|WATSON, AMELIA - University Of The Pacific
|FRANZ, ANDREAS - University Of The Pacific
Submitted to: Archives for Organic Chemistry (ARKIVOC)
Publication Type: Peer Reviewed Journal
Publication Acceptance Date: 2/26/2018
Publication Date: 5/18/2018
Citation: Watson, A., Wallis, C.M., Franz, A.H. 2018. NMR solution structures and MD-simulation of procyanidin B1, B2, and C1. Archives for Organic Chemistry (ARKIVOC). 2018:279-301.
Interpretive Summary: Procyanidins are compounds that not only protect plants from abiotic stresses, such as drought, and biotic stresses, such as pathogens and insects, but have a variety of health benefits to humans and animals. However, true understanding of how procyanidins provide such benefits can only be understood by examining molecular structures of these compounds. Thus, Nuclear Magnetic Resonance and modeling studies were utilized to derive structures of three procyanidins, B1, B2, and C1. This information can now be utilized in modeling programs to examine interaction with other molecules to show how procyanidins provide benefits to a large variety of organisms.
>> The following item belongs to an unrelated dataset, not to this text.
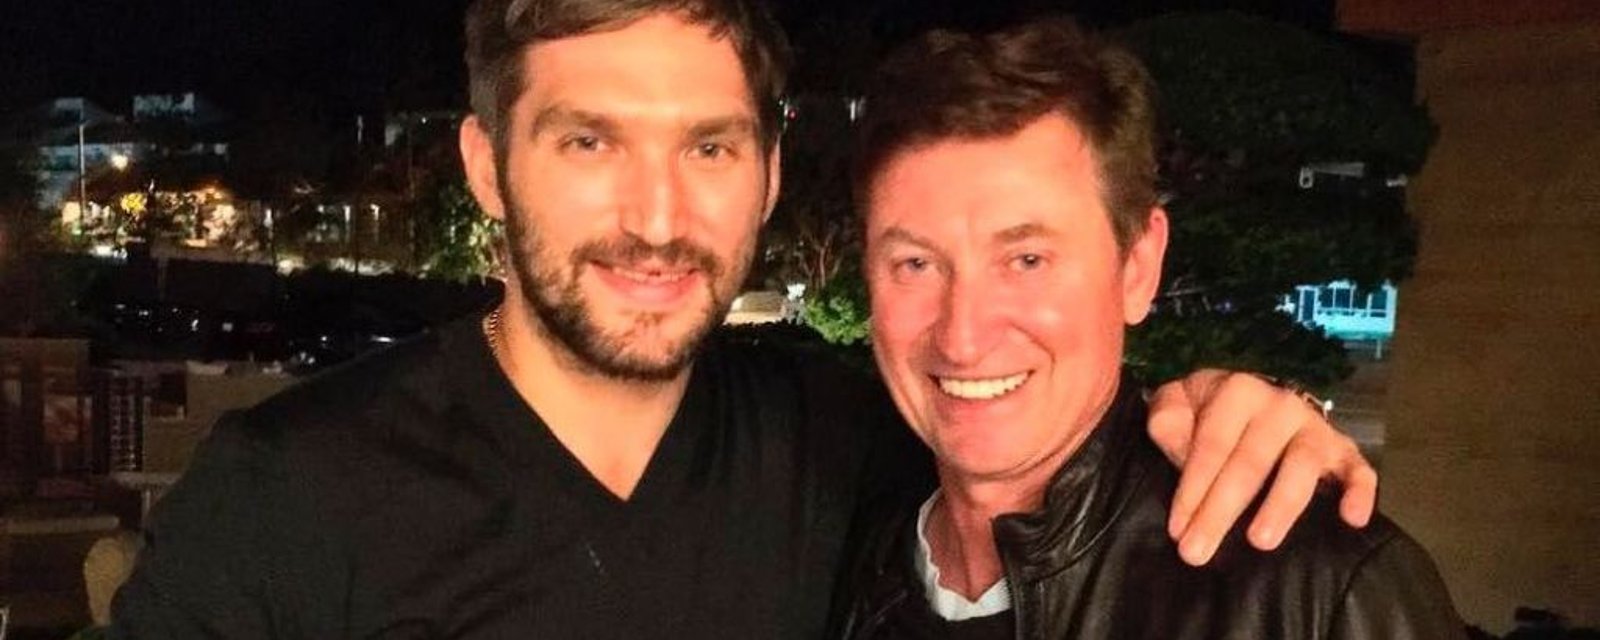 Gretzky and Ovechkin to face off in interview 
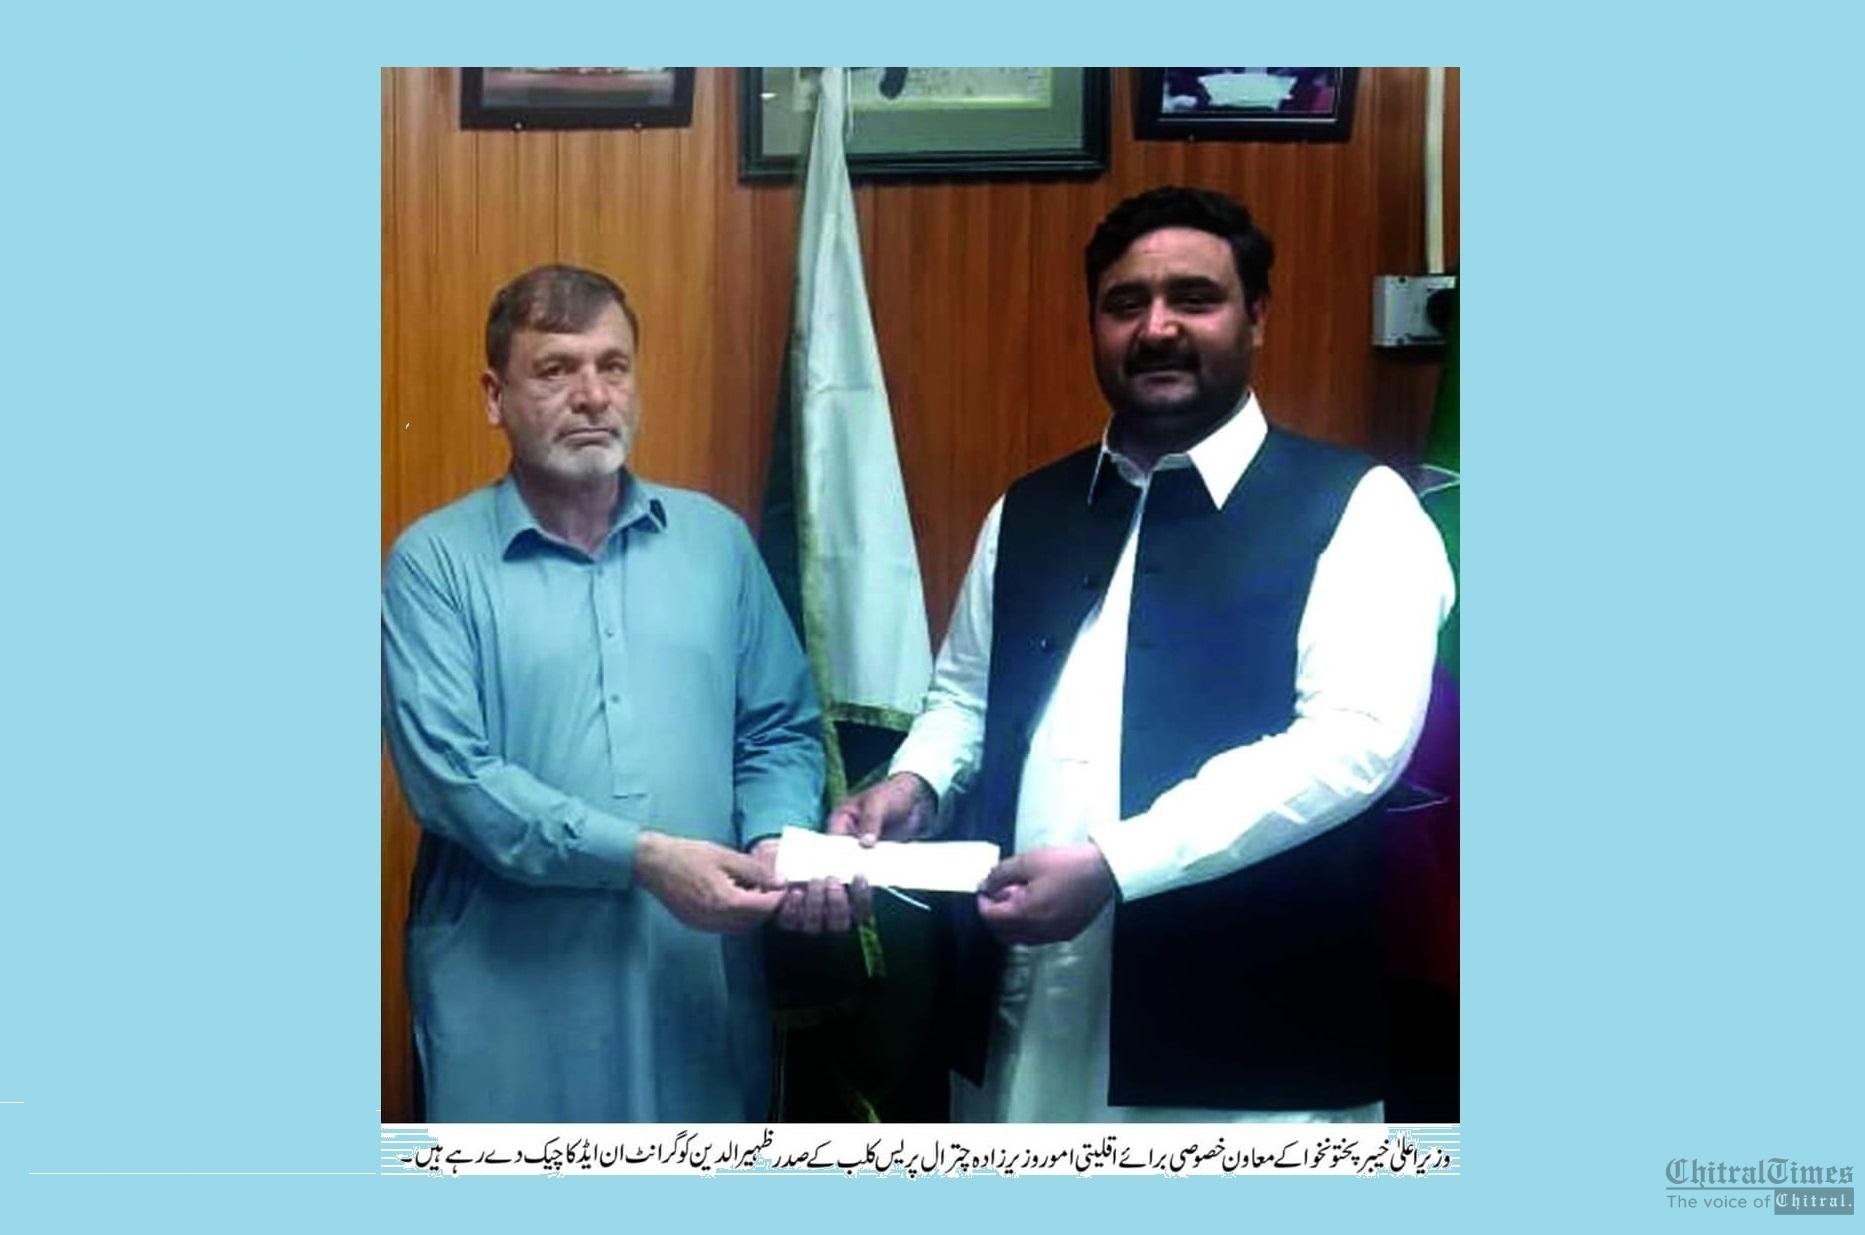 chitraltimes wazir zada giving away cheque to president Chitral press club psh

Technical Abstract: Procyanidins are polyphenols associated with a variety of benefits to the health of both plants and animals. Procyanidins provide increased defense against microbes, act as strong antioxidants, and may decrease the incidence of cancer. Key to understanding how procyanidins function requires understanding of molecular structure in aqueous solution. However, comprehensive studies examining the structures of procyanidins in solution are lacking. Therefore, studies were undertaken using NMR spectroscopy coupled with theoretical calculations and mathematical model fitting to derive solution structures (configuration and conformation) of three common procyanidins: procyanidin B1, B2, and C1. The analysis revealed that the R-/S- naming convention for these compounds may not be as appropriate as using minus (M-)/plus (P-). The (M)-atrop conformation dominated all inter-flavanol linkages in procyanidin B1, B2, and C1. These findings were consistent with existing structural studies, and will further allow future studies examining molecular interactions of procyanidins with different compounds to proceed.